I’ve said before that I think MLK is the most influential Christian that America has ever produced. Not Edwards, though I grant he is the most important theologian America has produced so far, and not Whitefield, who wasn’t really American anyway. But it remains the case that I, ignorant Australian as I am, have never really studied the history of the American Civil Rights movement. There’s so much about it I don’t know. I have been trying to rectify this in various pieces.
This book is the most recent and major biography of MLK. I can’t review it in comparison to other biographies, because I haven’t read any of them. What I can do is offer some reflections on MLK and on the emphases that this biography chose to bring out.
Firstly, Eig does a tremendous job of turning the research onto a man’s life into a vivid portrait. You get the broad sweep of life, the lively depiction of individual moments, the necessary background to understand his origins, and the zoomed in perspective of individual witnesses at specific moments. It’s a great book and a great read.
Eig does focus on certain aspects with particular attention. Of these, Eig takes considerable time at various points to highlight King’s way with women. This ranges from the huge number of women he apparently courted when a young man, through to the substantial allegations of serial unfaithfulness. On the one hand I do recognise that there is a preponderance of evidence in this direction. On the other, there is very little proof, and King’s wife Coretta has maintained to this very day that he was not unfaithful. Such judgments are beyond us. I will say on this score, however, that you find among white evangelicals a consistent dismissal of King as a liberal and an adulterer, whereas Jonathan Edwards as slaveholder and George Whitefield as slave advocate are passed over with little mention. We ought not excuse the sins of great heroes, but rather face them with searing honesty.

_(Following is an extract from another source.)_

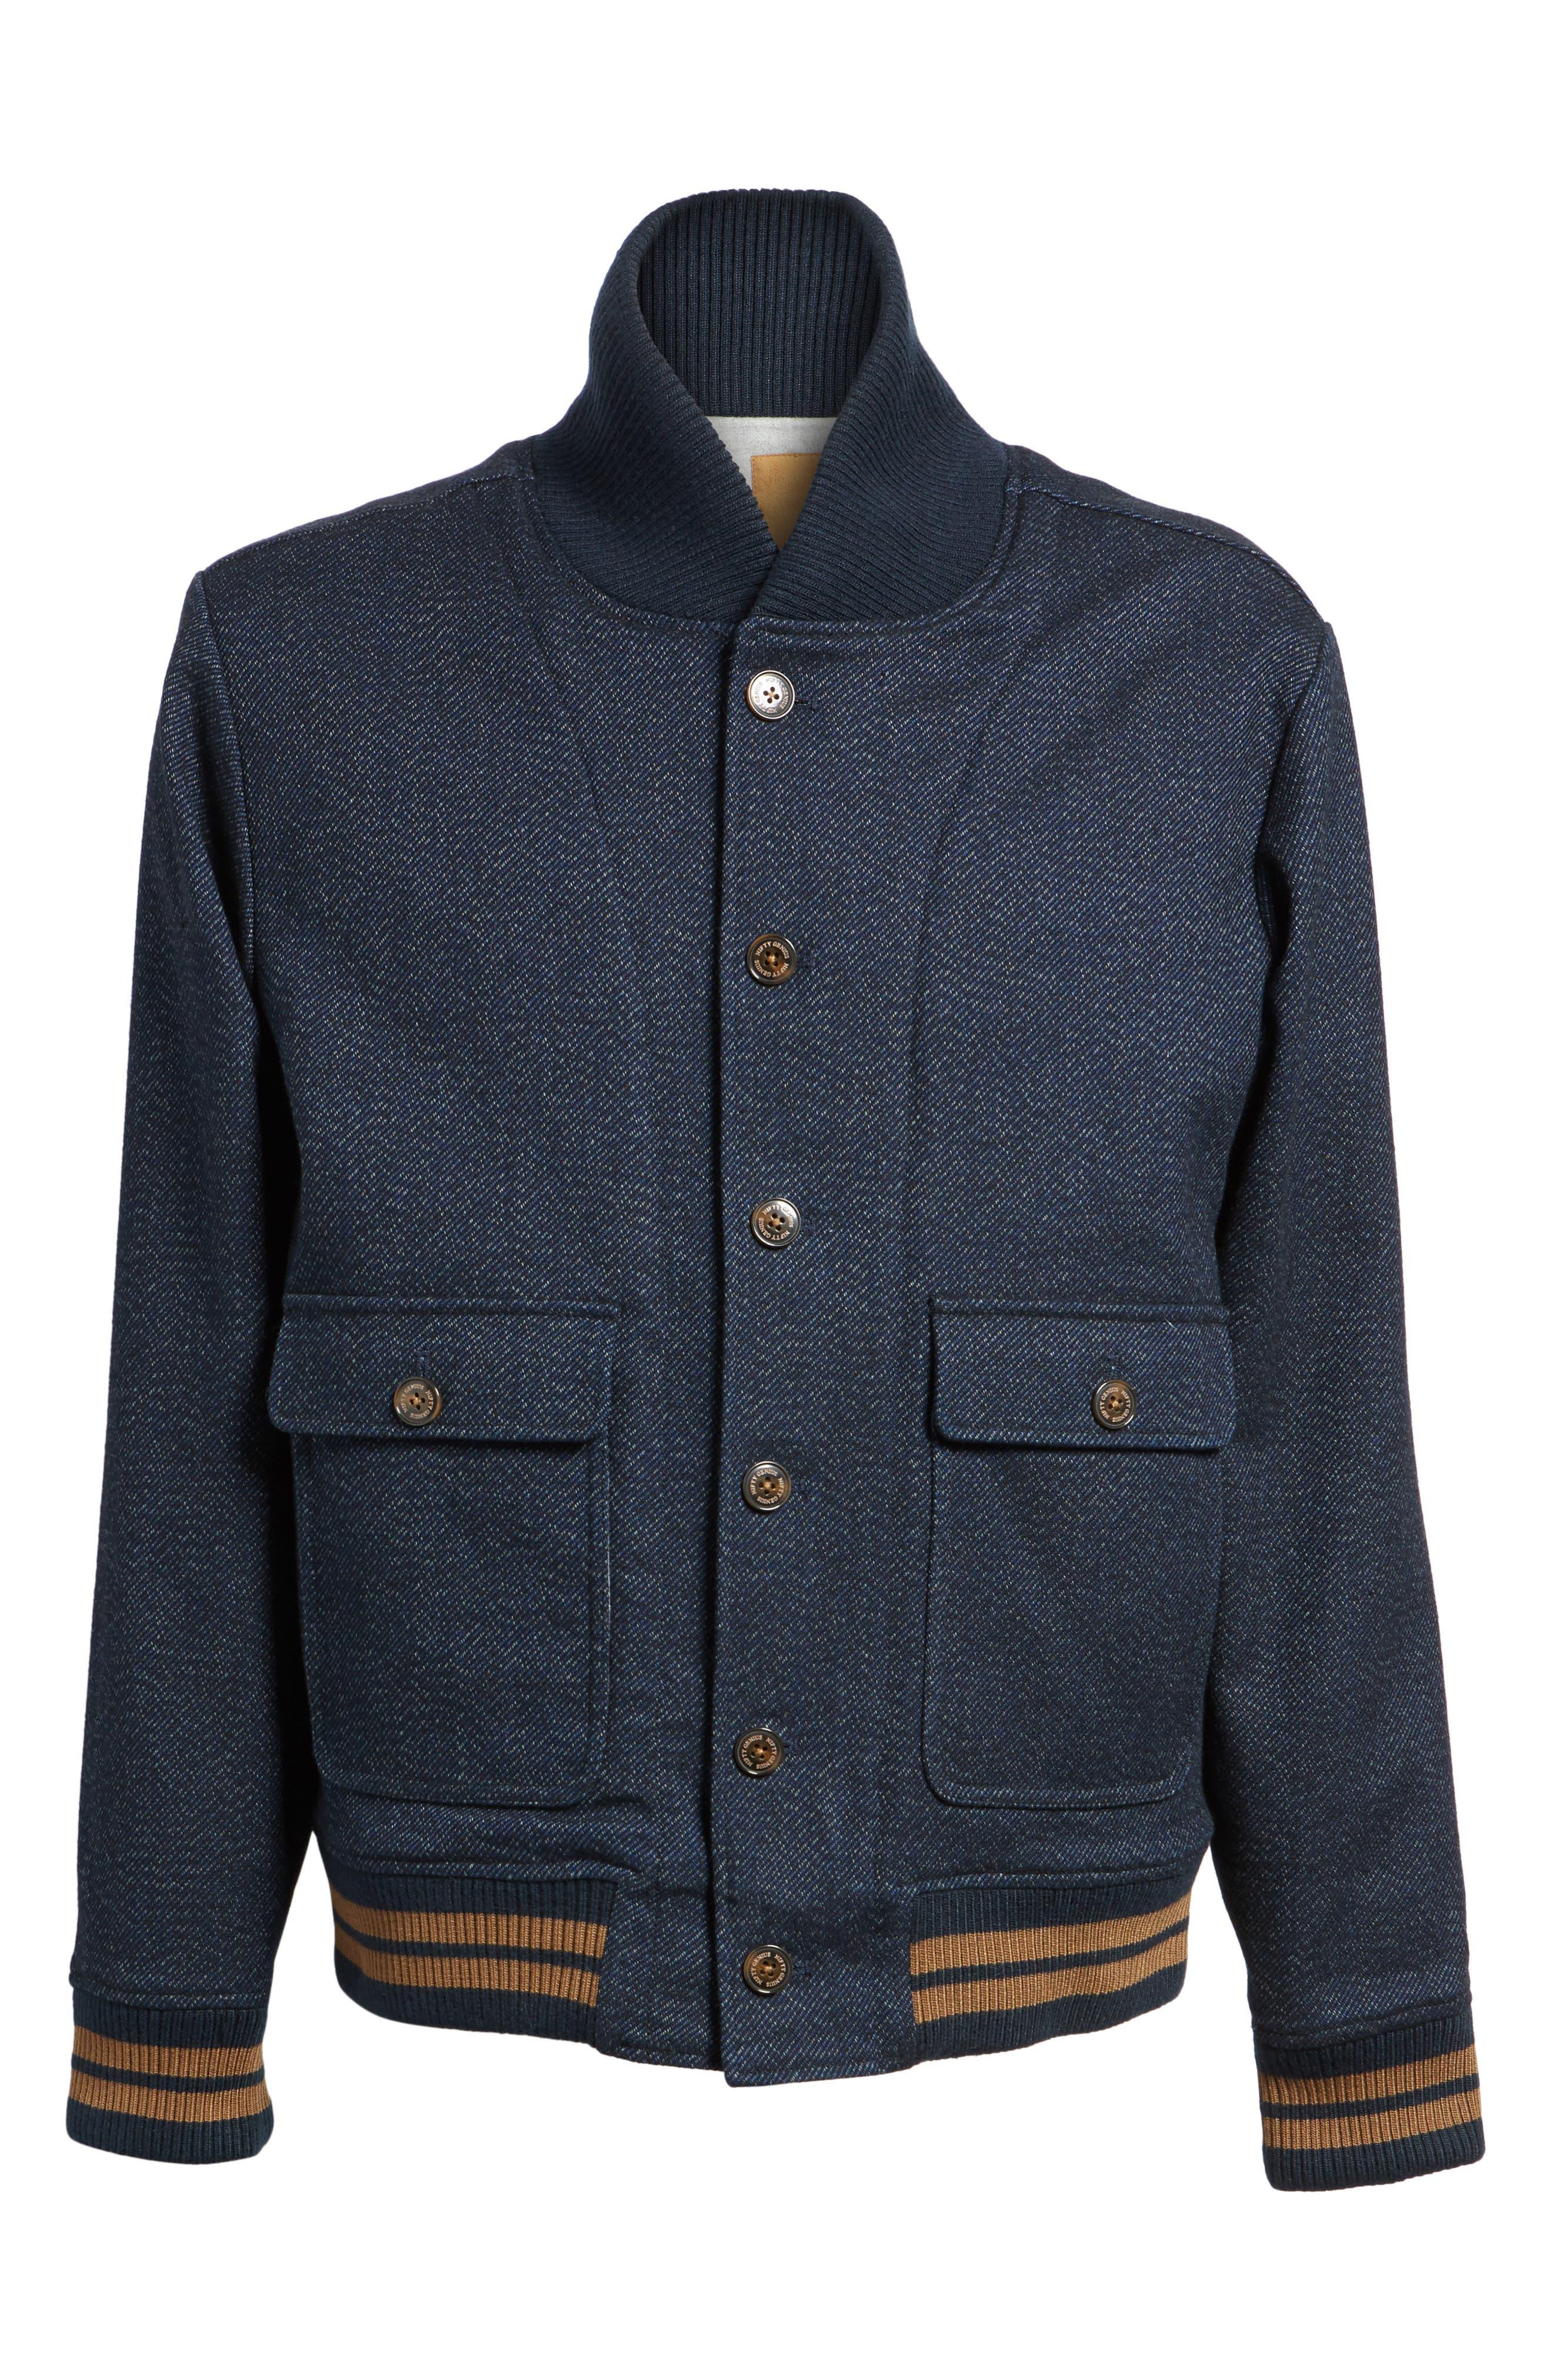 Roll Collar Varsity Jacket,                             Alternate thumbnail 6, color,                             Indigo

In this respect Eig is seeking to do something proper, as he writes in his final pages (I paraphrase): in hallowing King we have hollowed him. Hagiography, even of the modern kind, empties out the human. Eig’s King is a human one, at every step. The flaws and faults are not overly magnified, they’re just there to see. The plagiarism, which again may bother us, but reflects who he was, and also that King himself lived and operated in a cultural context around reuse of materials that differs.

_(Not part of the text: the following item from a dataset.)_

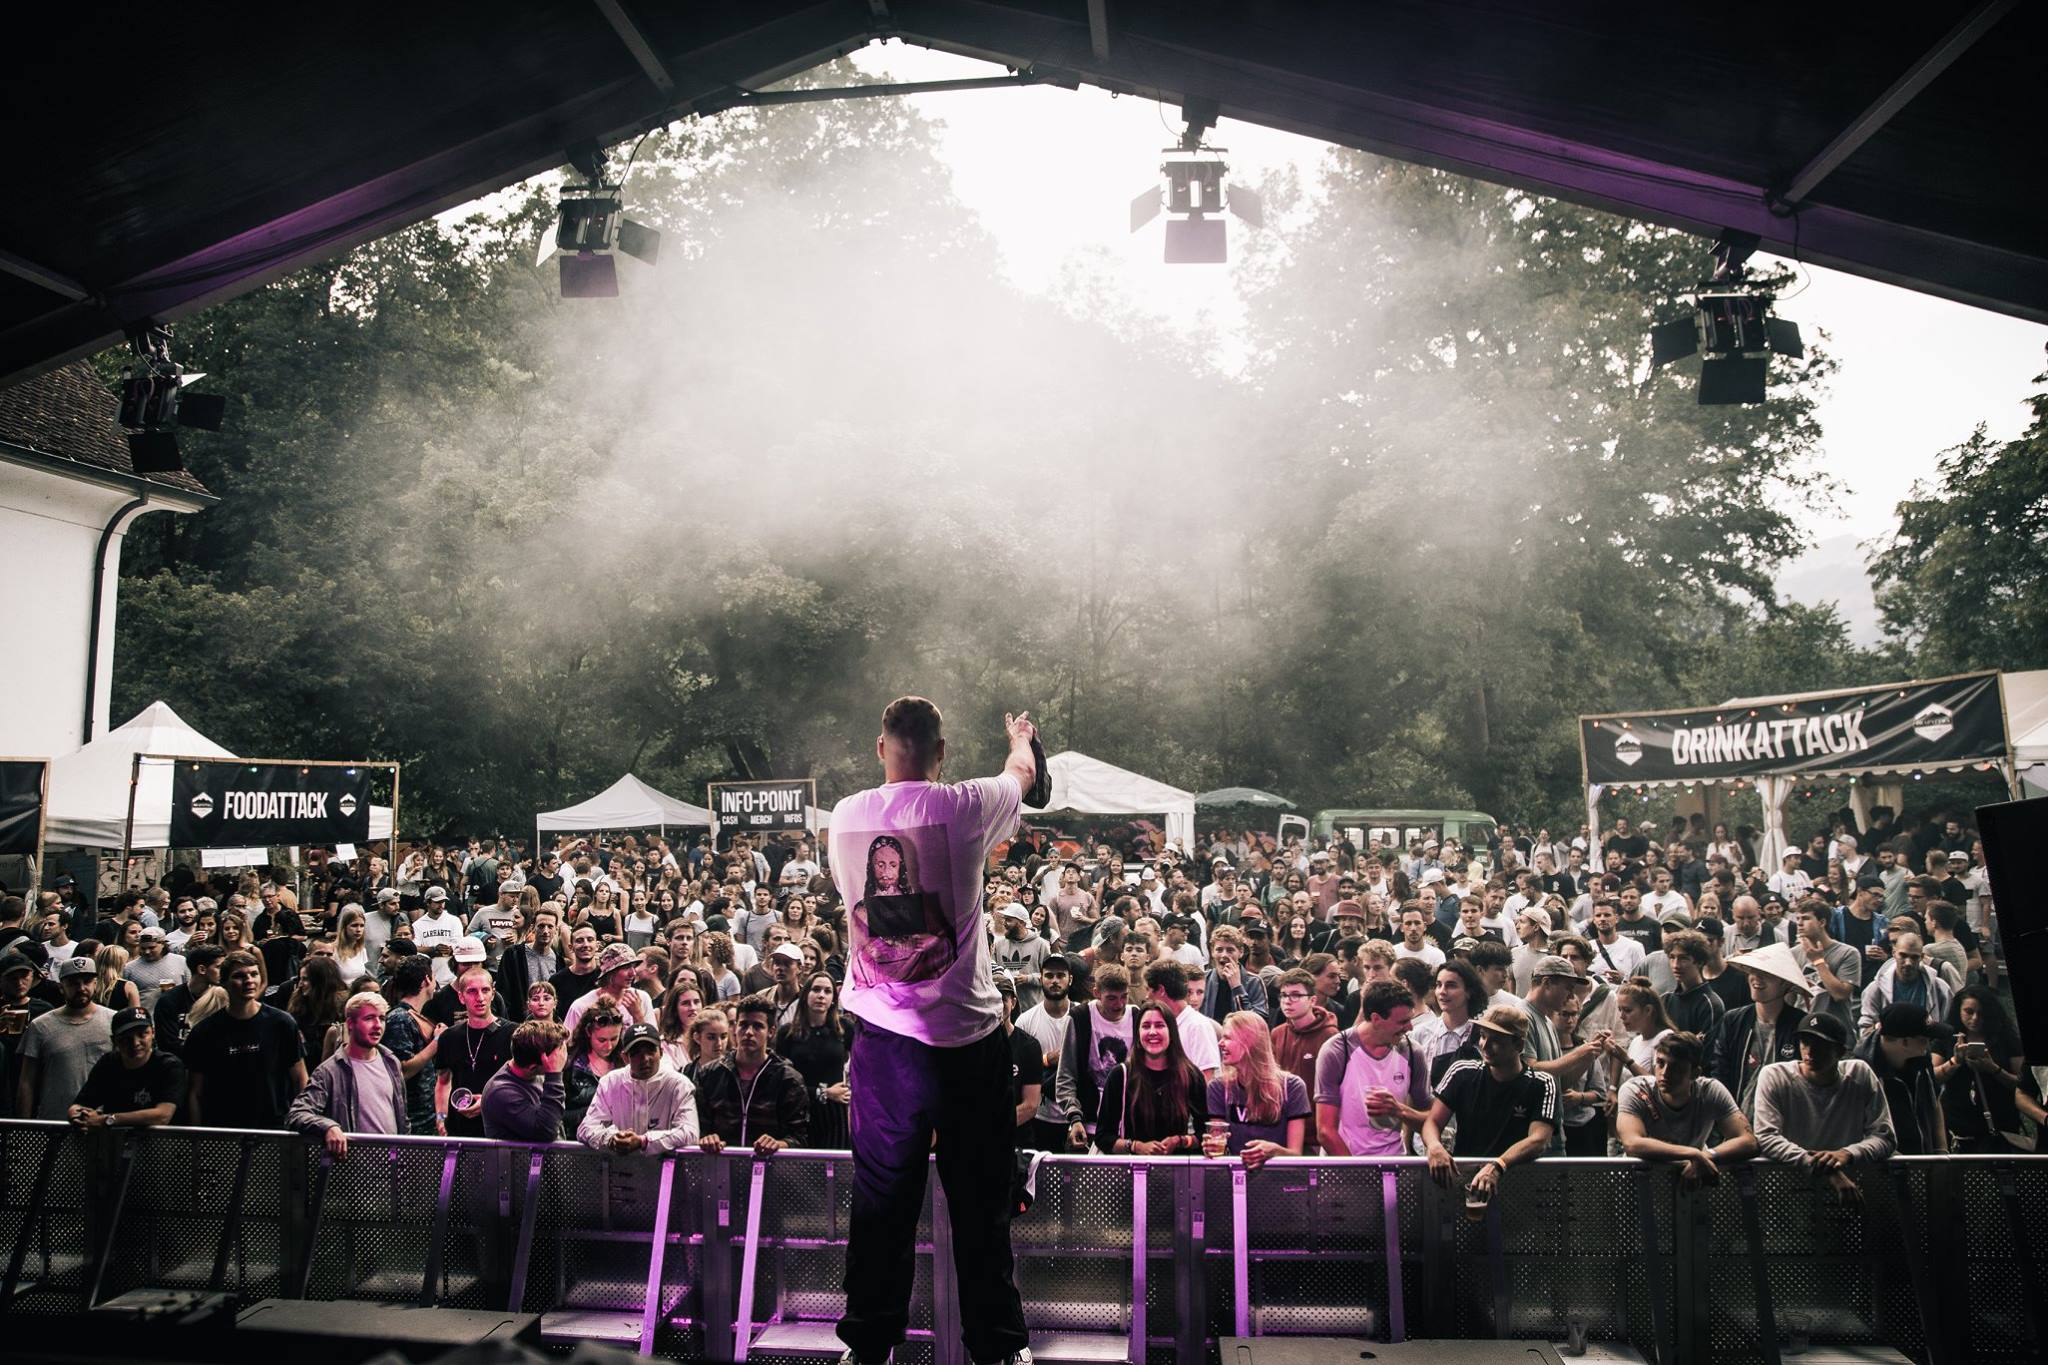 La Base & TruComers am Rapattack Festival 2018. Fotograf: Valentin Kathriner

Something else Eig brings out that I didn’t really appreciate was just how obsessed J. Edgar Hoover became with King, with surveilling him, opposing him, seeking to discredit him, harassing him. Eig clearly and firmly ties the acquiescence of the FBI under Hoover with the events that eventually lead to King’s assassination.
Another aspect that as someone born after the Vietnam war I have never really grasped, is just how horrific and recent segregationist America was. Horrendous racism is not so long past us. The conditions of Black Americans up to the 50s and 60s was abhorrent. And that is not so long ago. I remind people here that forms of slavery for Australian Indigenous people persisted into the 60s. This is not the distant past.
King’s life was singularly focused though. From his youth he understood himself to have a calling to oppose segregation and to fight for the rights, and freedoms, of African Americans. He did understand this as a divine mission. He drew deeply upon the wells of faith, the prophetic tradition, the Black church. He was a preacher through and through. There would be no civil rights movement without the Christian faith of the Black church that birthed it and sustained it, and I dare say it would not have survived nor succeeded without the embrace of King’s doctrine of non-violence.
I sometimes think that Gandhi was God’s providential gift to the church from outside the church. Gandhi, for all his failure to grasp the gospel of Jesus Christ, reckoned perhaps more than anyone, with the political and civil implications of Jesus’ teachings of non-violence, and formed them into a principled means of obedience and disobedience for social change. King, more than anyone, took that understanding back into the church, and put it to work in a just cause. His unwavering commitment to the moral superiority of their position, expressed in the moral commitment to non-violence, led to the foundations for the civil rights movement as he led it. There is much here we ought to pay heed to.
King was not a prophet, but he was a prophetic voice. He understood deeply the call of the OT prophets, and Jesus, to speak for justice and to call people to account. He laid down his life for that cause. I note with great sadness that the historic Voting Rights Act is being disabled and dismantled in the US today, nullified in its effects, which is leading to significant changes in electoral eligibility and district mapping, all of which disproportionally disenfranchises Black and other minority voters. King’s life won a great struggle, but the cause of justice is never done in this world.
Can’t wait to read this one. It’s on my list. Very insightful remarks here about the evangelical Australia receptions. And also about the gift of Gandhi. As always, much indebted to your thinking and reading, Seumas.